# Huskee tranny problem



## jbrow1 (Aug 18, 2005)

I have a Huskee 42in 16.5 horse, 7 speed shift on the fly rider mower that is about 3 years old. Bought it used and the tranny likes to pop out of forward if I don't hold the lever in there. My question: is there an adjustment to correct this or is there a small gear inside that will need replaced soon? Goes perfect in reverse, and great in forward as long as I hold the lever.
Model # 13AN673G131
44-9761-5

Transaxle model number is 618-0163b


----------



## 30yearTech (Sep 14, 2006)

Go to the MTD site:

http://buymtdonline.arinet.com/scri...vlet/processShoppingCart_10101_15601_-1_19502

Enter your model number, and then look at your transmission illustrated parts list.

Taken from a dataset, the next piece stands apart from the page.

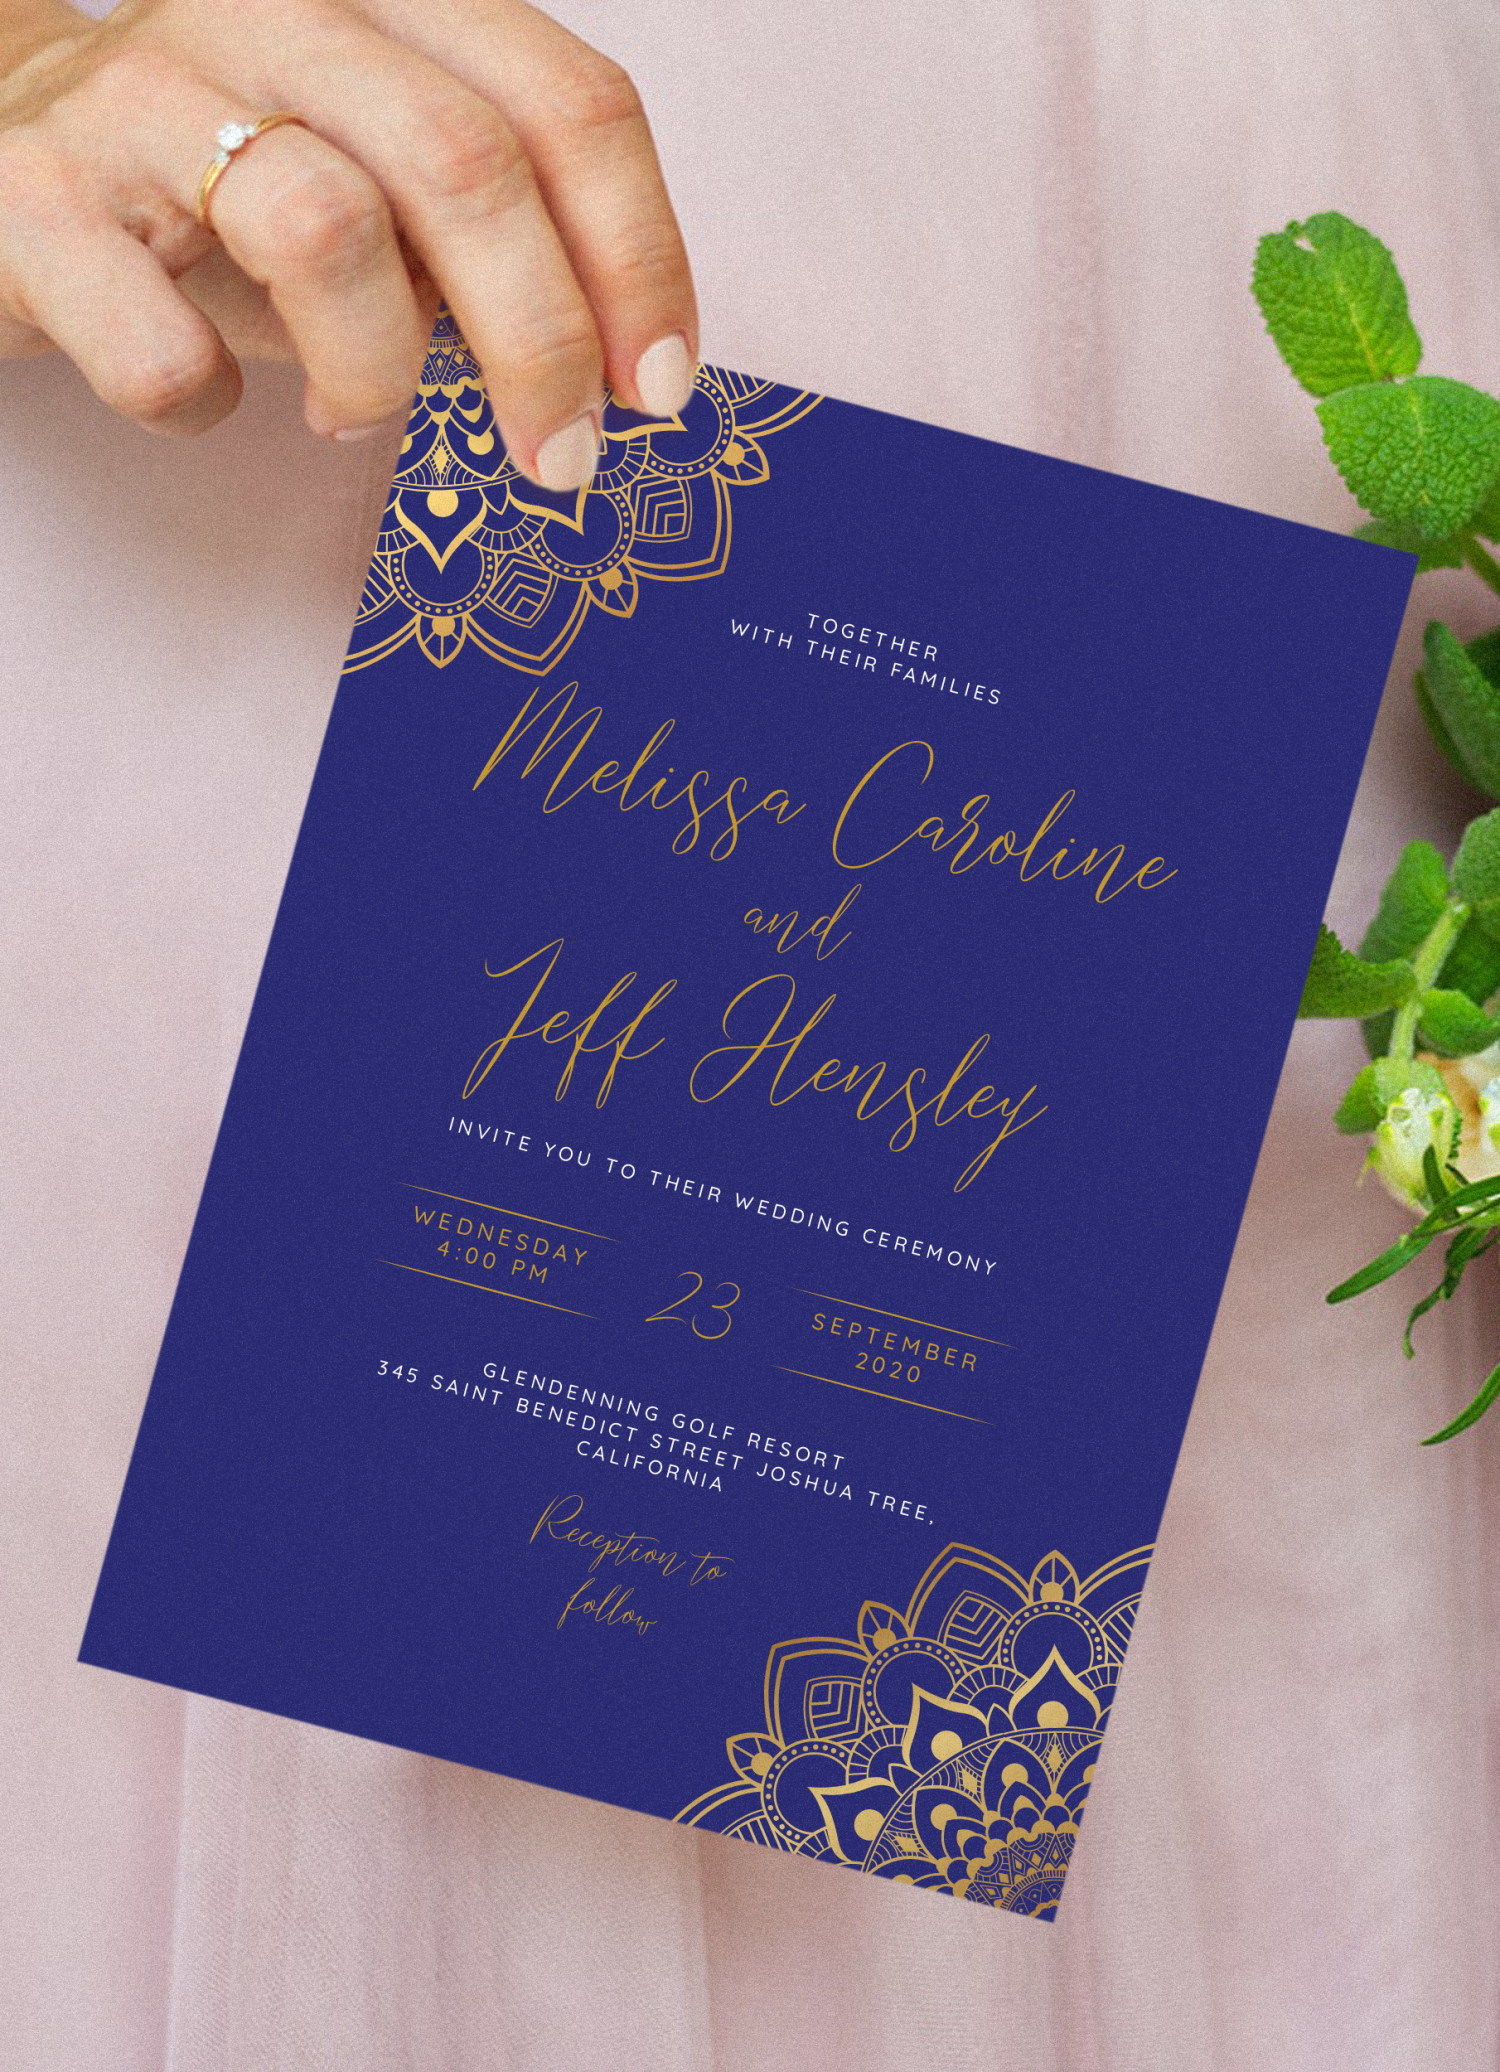 Mẫu thiệp cưới vàng và xanh dương tải xuống sẽ giúp bạn tiết kiệm thời gian và công sức trong quá trình chuẩn bị đám cưới. Hãy tải về và sử dụng ngay để có những thiệp cưới đẹp và chất lượng nhất.

There is a small spring and steel ball that locks the shifter in forward, neutral and reverse. The spring, steel ball, or shift fork may have wear that is causing your issue, and it's also possible that there is wear in the shift collar and forward gear causing the problem. The only way to tell for sure is to split the transmission case and have a look, some or all of these parts may need replacement, in order to correct your problem.

Best of Luck... :thumbsup:


----------



## jbrow1 (Aug 18, 2005)

Ahhh, thank-you very much sir!! That link is exactly what I was looking for.
Thanks for the reply in the other thread as well.
:thumbsup:


----------



## jbrow1 (Aug 18, 2005)

Well I disassembled the tranny quite awhile back. Not before my old man killed the transaxle though. By the time I got it to work on he had exploded the spider gears in the differential. So I bought a different transaxle off ebay that I checked out the internal diagrams and the part numbers where the same. So the unit as a whole would not work but I was able to put the axles and gears into my casing and it worked out.

Told the old man to adjust what he could on the shifter adjuster so it would fully engage without hitting the metal cover. Also he replaced the main belt which seemed to make any and all problems go away. The old belt had about a 1 1/2" chunk out of it. 

Anyhow, all is well in Husky land. The trans in these seem to be a fairly common problem from what I found searching around on the net.


----------